Your answer must be an exact copy of the data, without any pictures.

START Given data

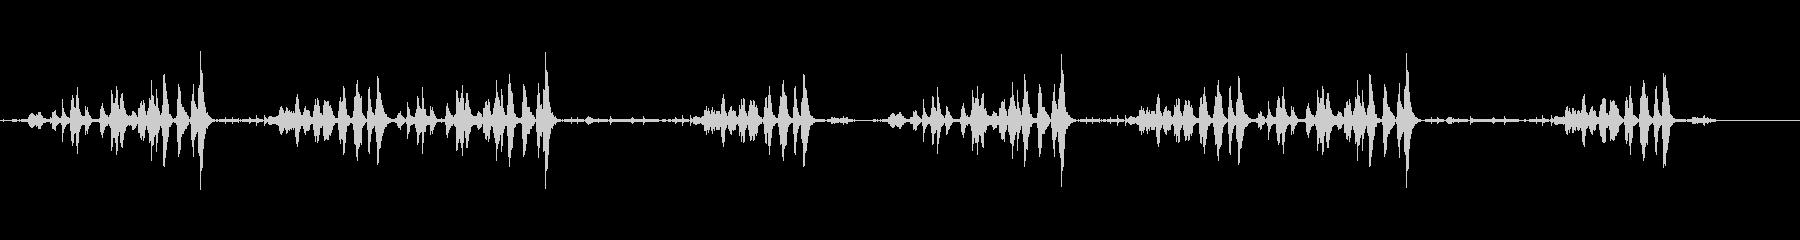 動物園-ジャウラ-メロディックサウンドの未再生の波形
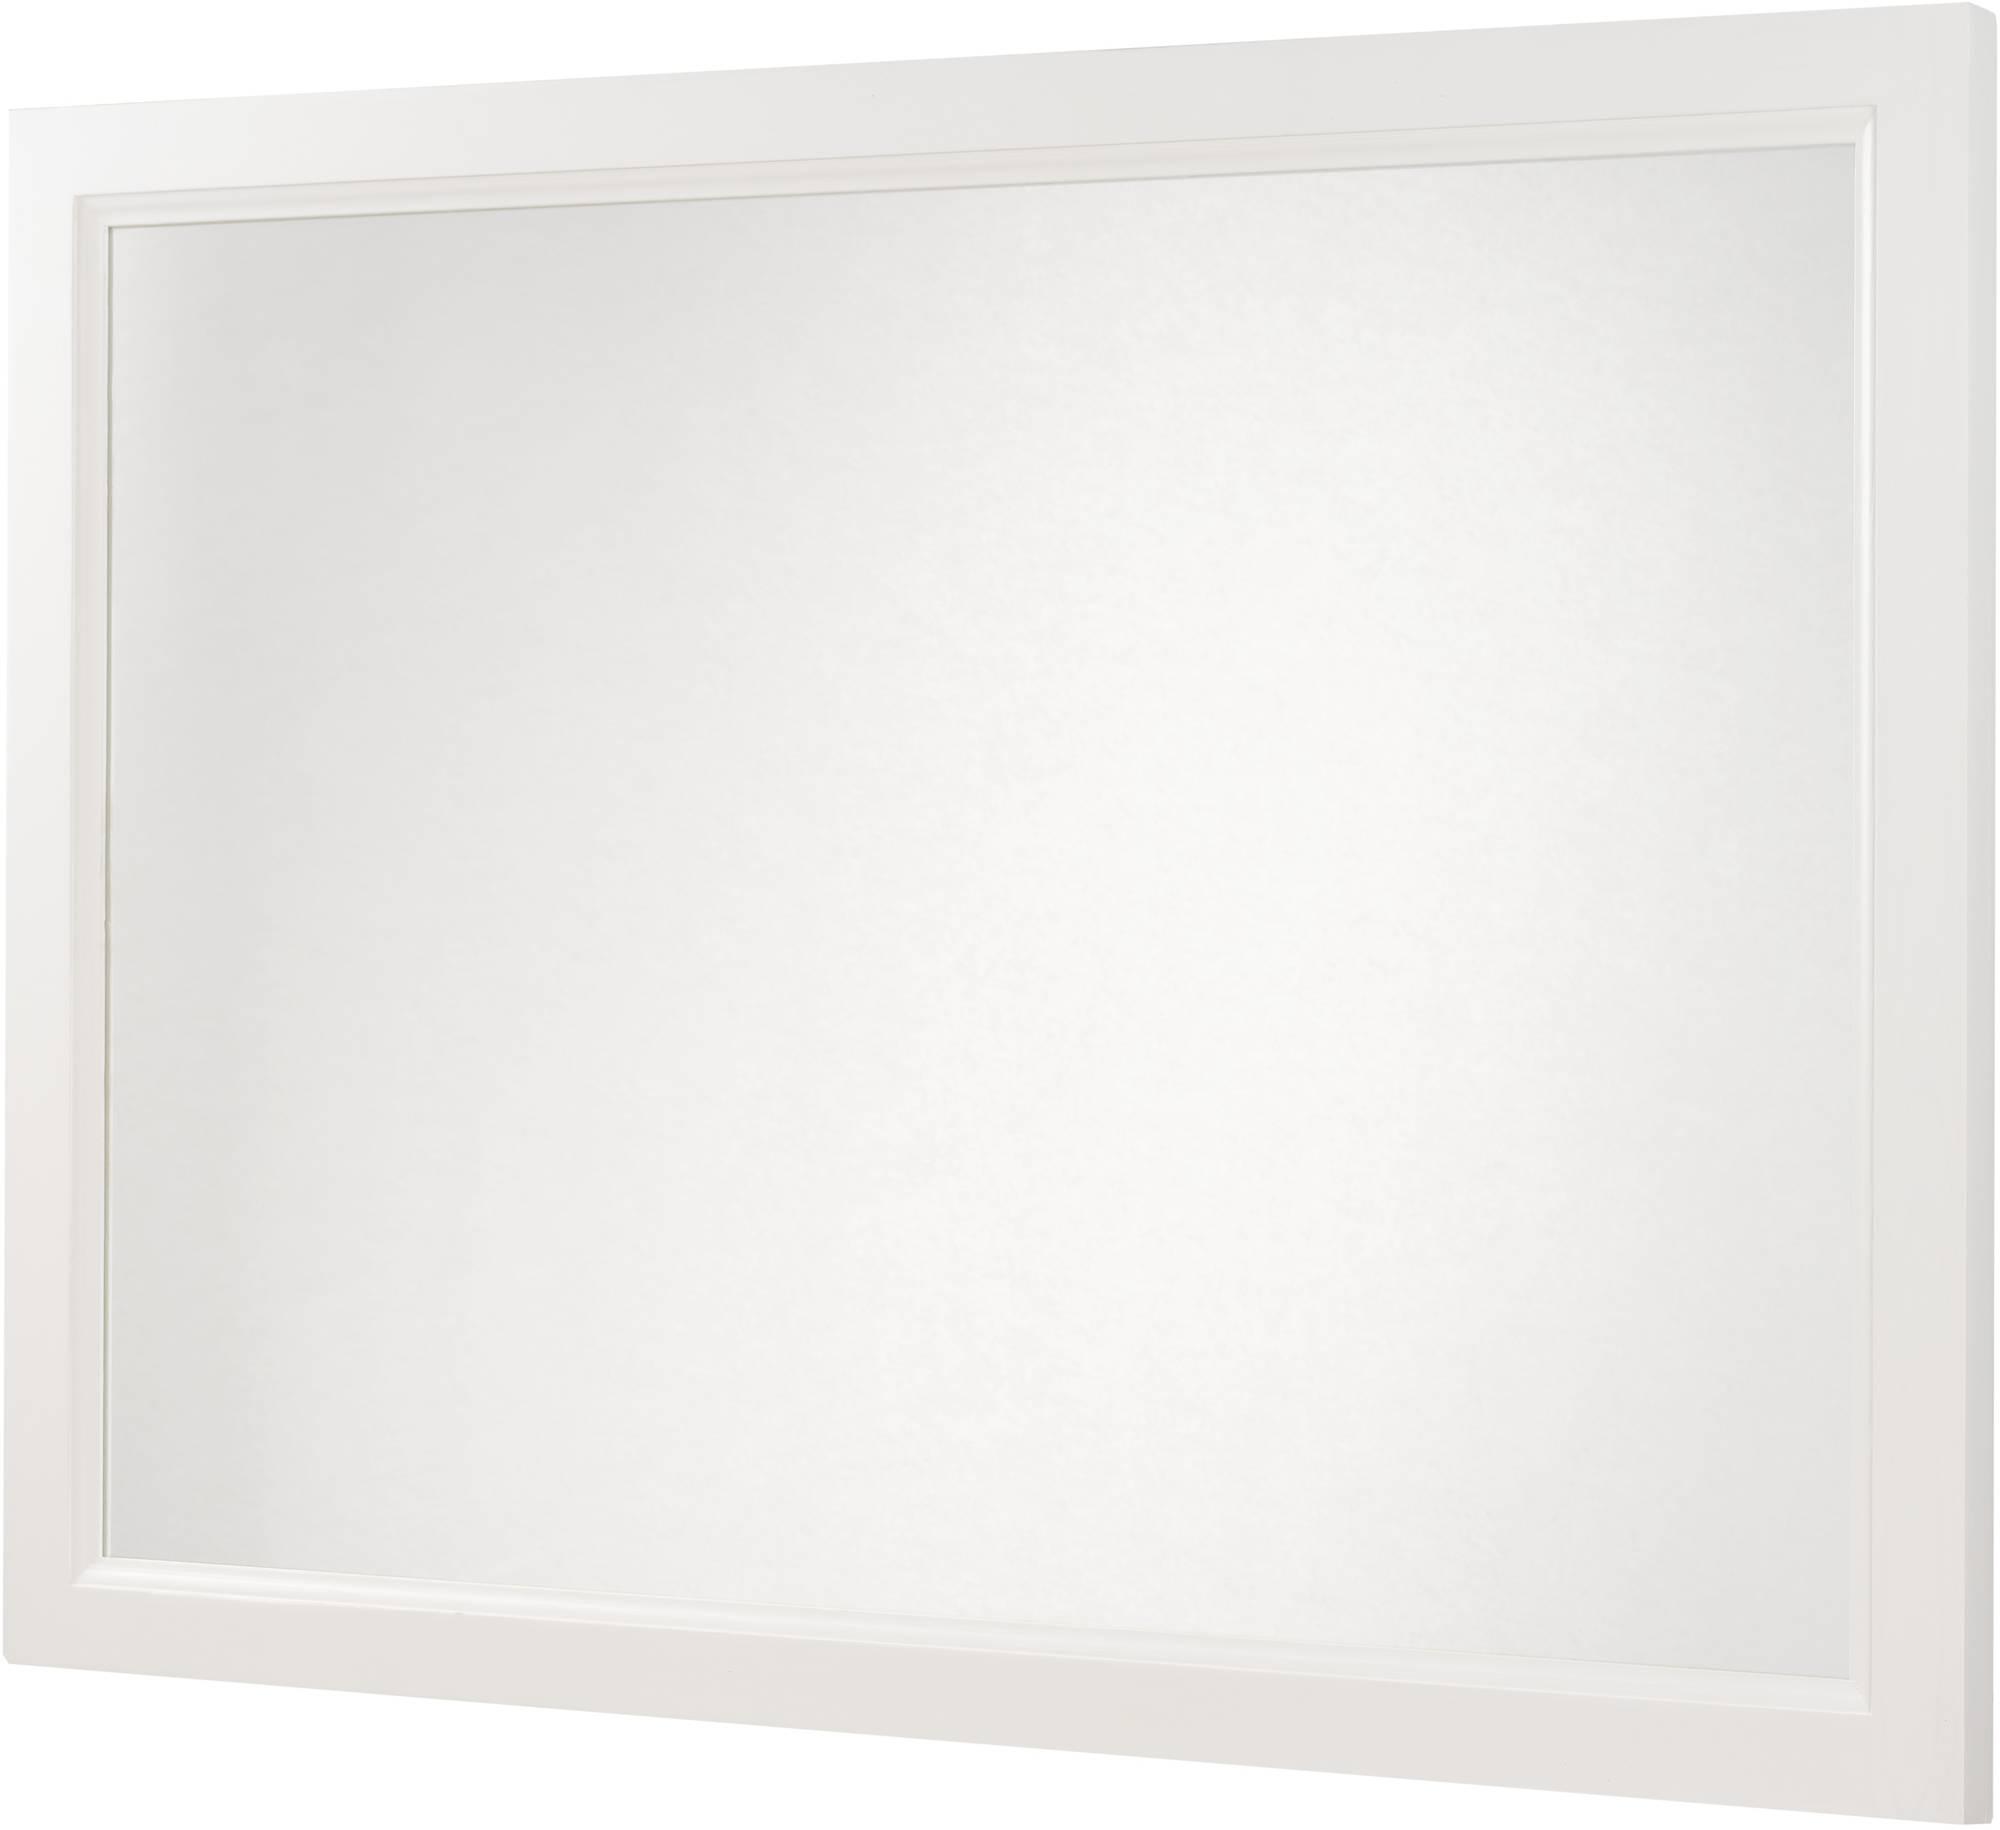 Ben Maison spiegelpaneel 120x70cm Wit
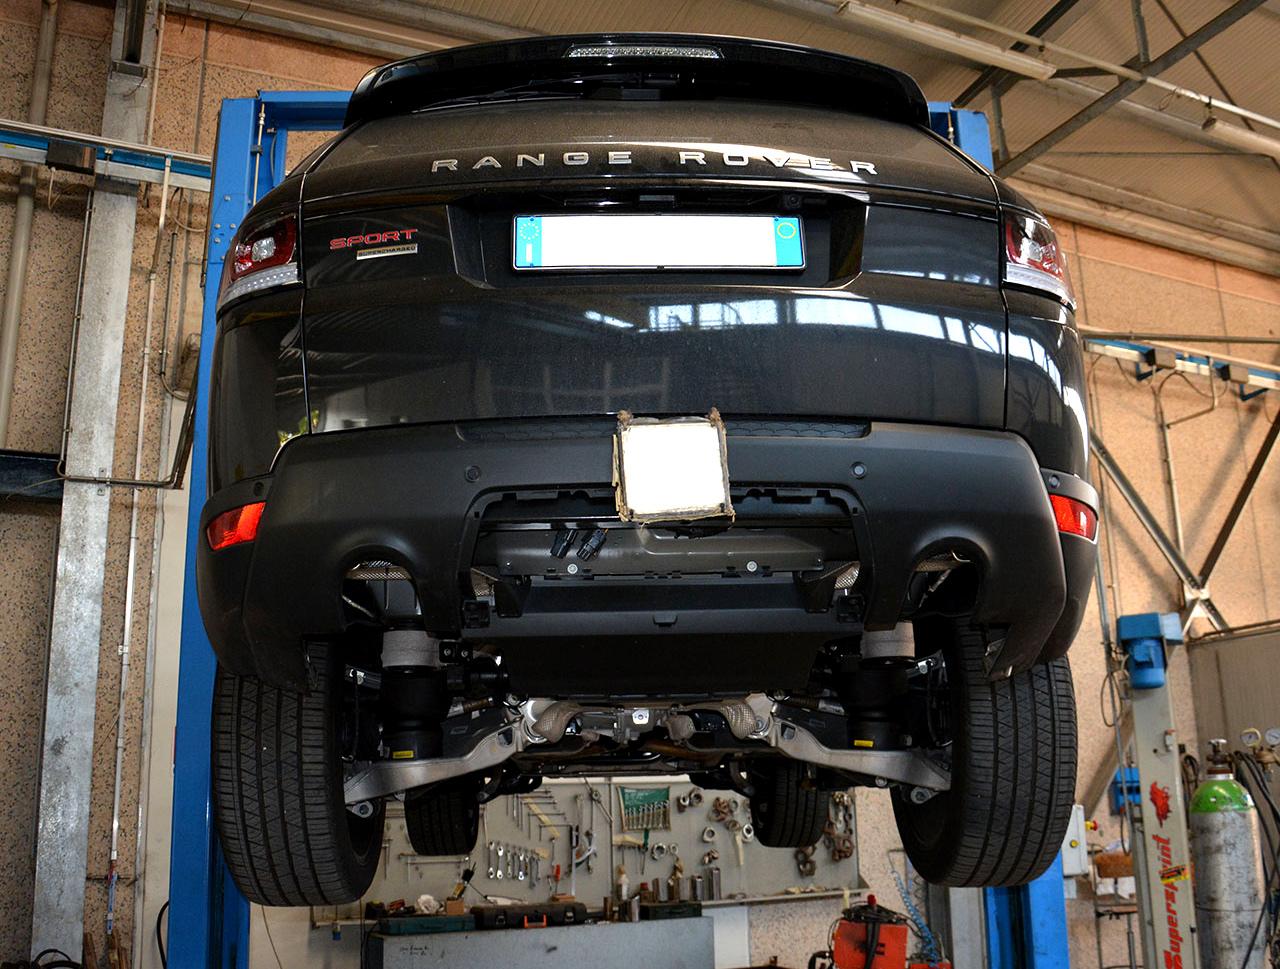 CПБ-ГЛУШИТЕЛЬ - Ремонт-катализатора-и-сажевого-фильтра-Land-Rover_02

END Given data

Solution for this task:
 動物園-ジャウラ-メロディックサウンドの未再生の波形
 Ben Maison spiegelpaneel 120x70cm Wit
 CПБ-ГЛУШИТЕЛЬ - Ремонт-катализатора-и-сажевого-фильтра-Land-Rover_02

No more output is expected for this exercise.